Causality, agency, decisions
Updateless decision theory, Newcomb’s boxes, evidential decision theory, commitment races …
October 23, 2018 — February 10, 2025
Suspiciously similar content
Notes on decision theory and causality where agents make decisions, especially in the context of AI safety. This is something I’m actively trying to understand better at the moment. There is some mysterious causality juju in foundation models and other neural nets. This suggests to me that we should think hard about this as we move into the age of AI.
AFAICT using causality to reason about intelligent systems requires some extensions to vanilla causality, because they can themselves reason about the outcomes they wish to achieve, which makes stuff complicated and occasionally weird.
TBC.
1 Agency
What even is agency? How do we recognise it in natural and artificial systems? What are the implications for control, economics, and technology?
2 Identifying agency
Discovering Agents (Kenton et al. 2023; MacDermott et al. 2024) takes an empirical look at things: when are there agents.
3 Causal attribution and blameworthiness
I should write more about this: a connection to computational morality.
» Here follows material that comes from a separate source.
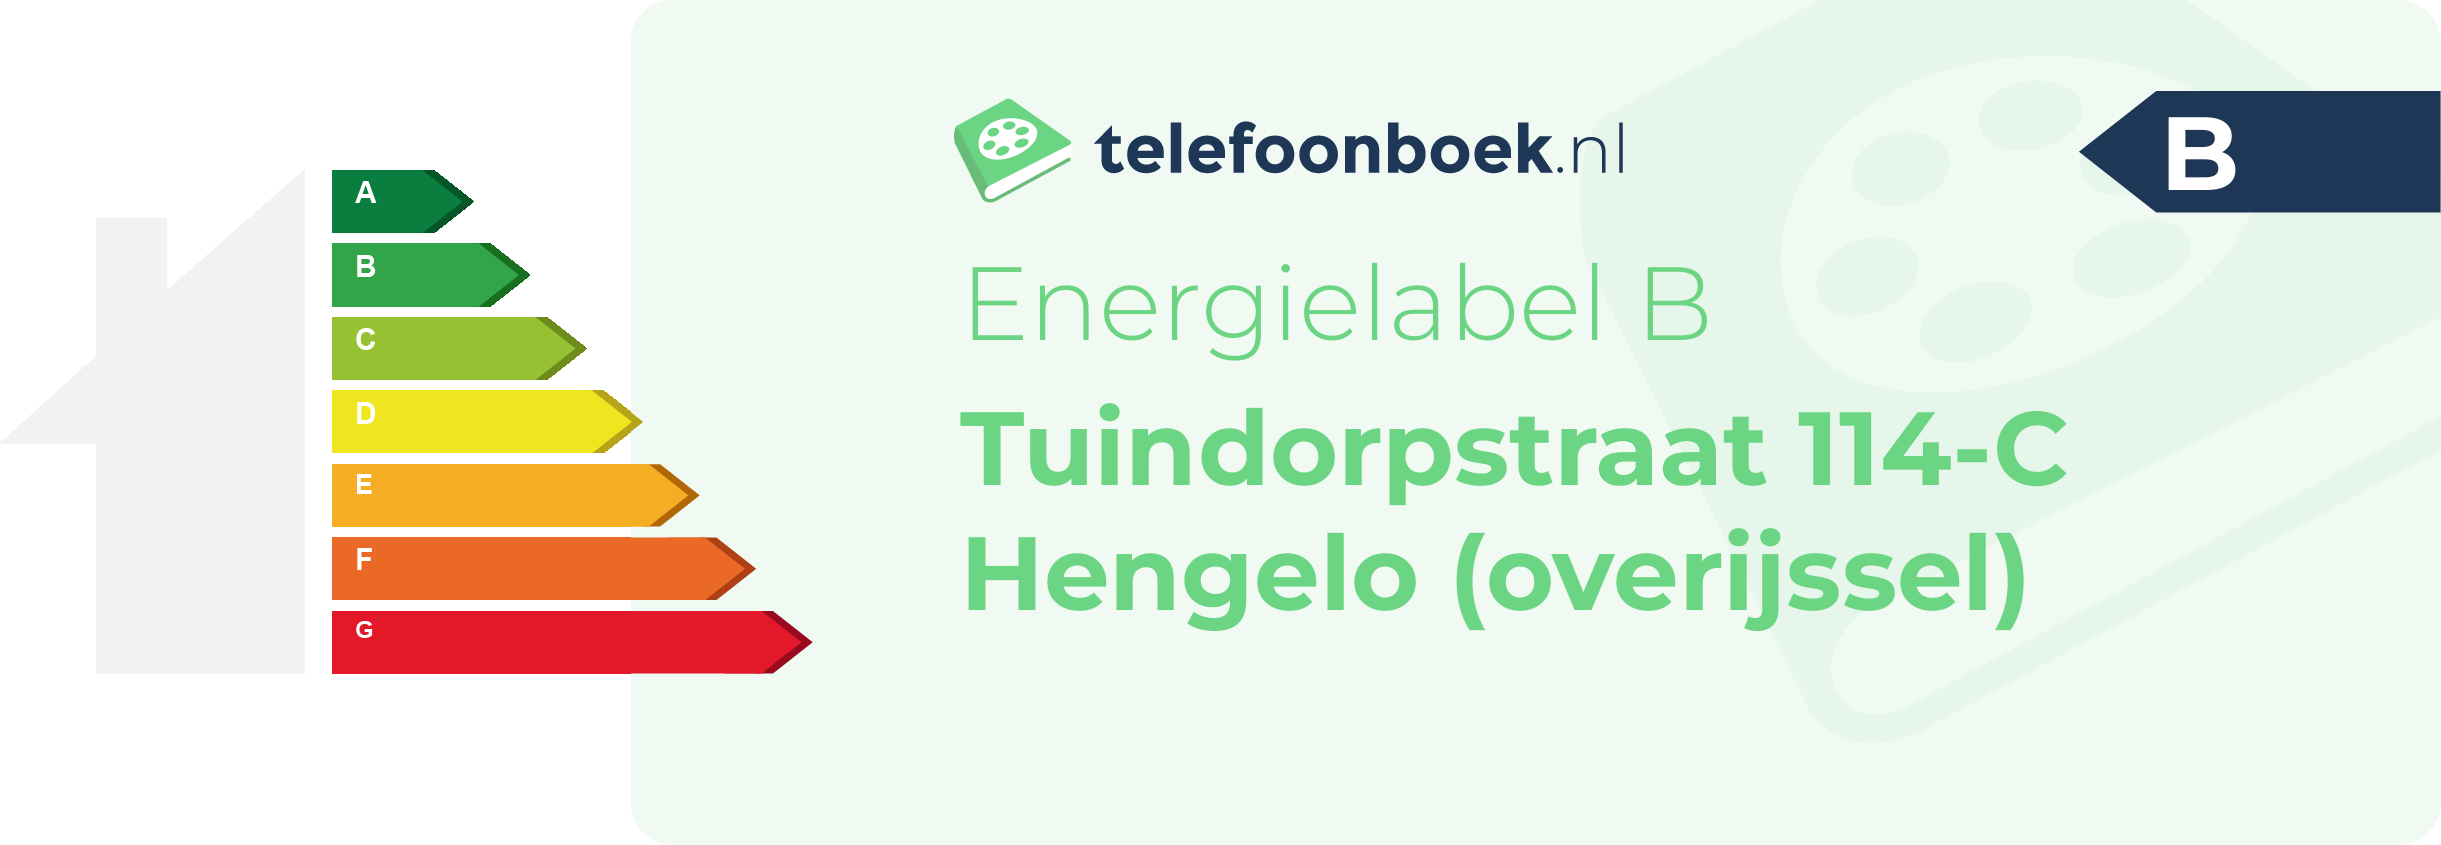 Energielabel Tuindorpstraat 114-C Hengelo (Overijssel)
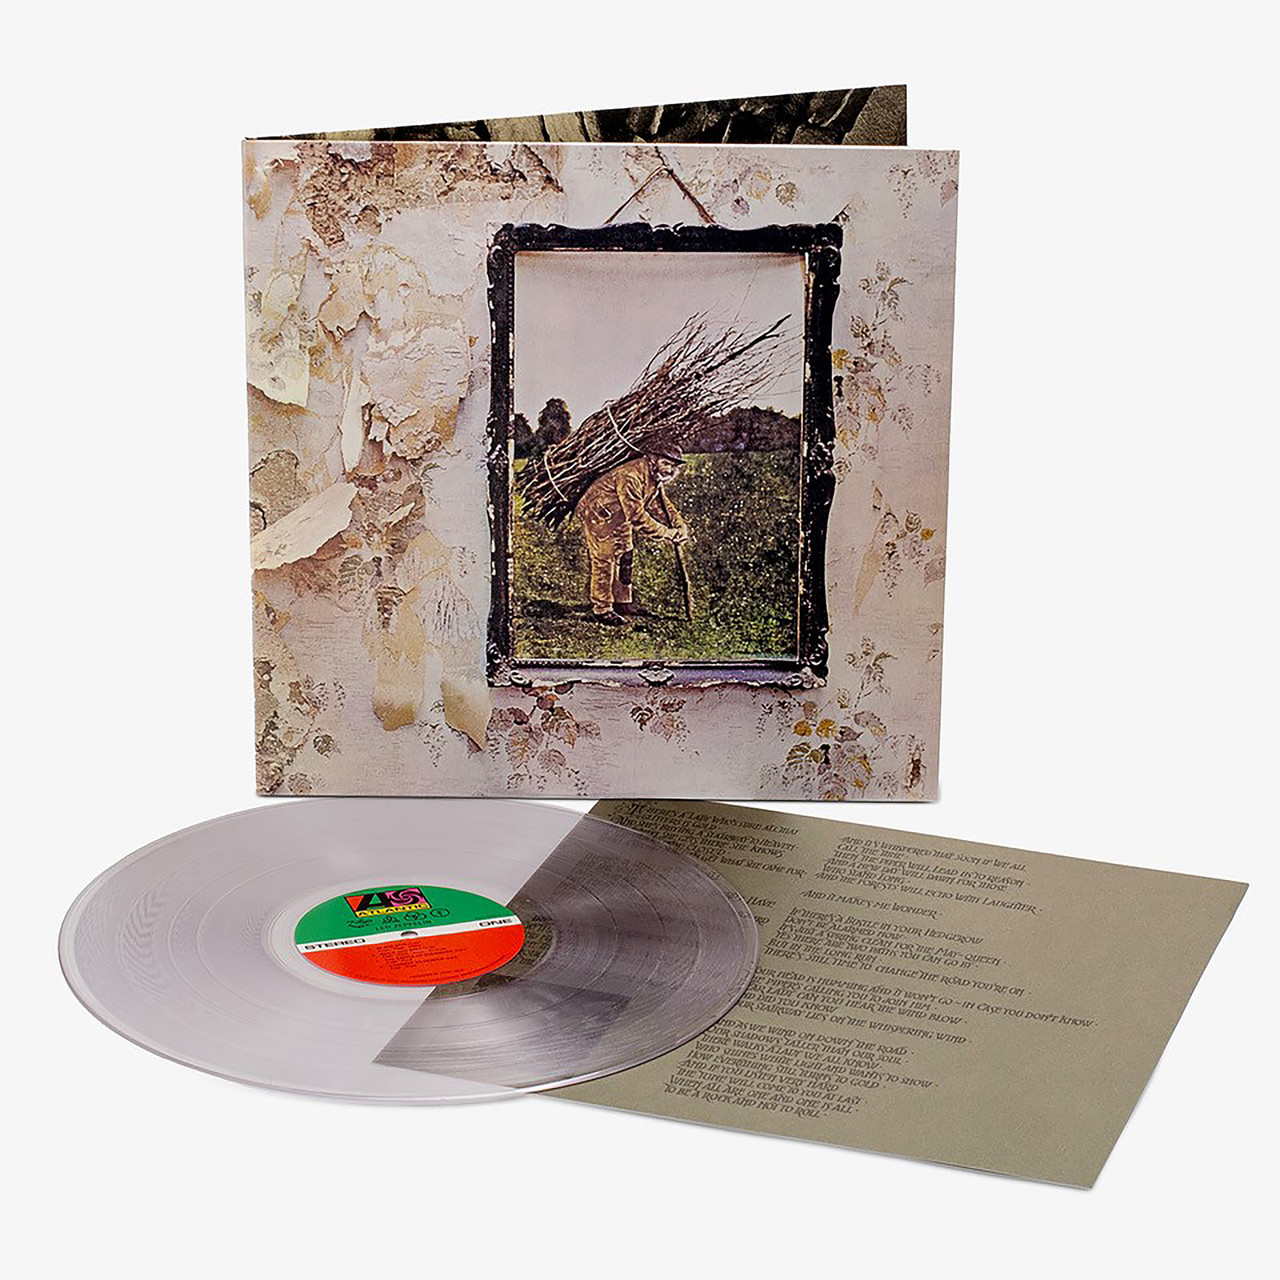 Led Zeppelin - Led Zeppelin III (Remaster) [Official Full Album]

Everitt et al. (2022) and Halpern and Kleiman-Weiner (2018) seem to be works in this domain.
4 In multi-agent systems
Connection to game theory and multi-agent systems. (Hammond et al. 2023; Liu et al. 2024)
TBD
5 Causality with feedback
A basic thermostat is an example of the most basic extension of basic causality; see causality under feedback.
6 Causality with decisions
When the causal graph includes agents that adapt their behaviour. I assume causality under feedback can be treated as a special case of a decision, where the decisions are very simple.
Where there are agentic decisions, in which nodes contain “policies” that are themselves learned or adapted, the causal graph formalism needs to be even richer.
Which is to say: I think this is correct! I truly know little about this; I’m cribbing live from James Fox’s part of the Causal Incentives group UAI Tutorial.
7 Causal vs Evidential decision theory
Fancy decision theories for problems arising in strategic conflict and in superintelligence scenarios. Keyword: Newcomb’s paradox.
Apparently, I should read this:
A reflective variant of game theory worries about decision problems with smart predictive agents. Strong AI risk people are excitable in the vicinity of these.
Although their reading list is occasionally IMO undiscerning, you might want to start with MIRI’s intro which at least exists.
Existing methods of counterfactual reasoning turn out to be unsatisfactory both in the short term (in the sense that they systematically achieve poor outcomes on some problems where good outcomes are possible) and in the long term (in the sense that self-modifying agents reasoning using bad counterfactuals would, according to those broken counterfactuals, decide that they should not fix all of their flaws).
I haven’t read any of those though. I would probably start from Wolpert and Benford (2013); David Wolpert always seems to have a good Gordian knot cutter on his multitool.
8 Updateless decision theory
9 Commitment races
Commitment Races are important in international relations. They also seem popular in AI safety theory, although I am not sure why, since I don’t understand how AIs can credibly commit to things; setting up credible signals that they will commit to seems difficult and probably exceptional for very opaque systems.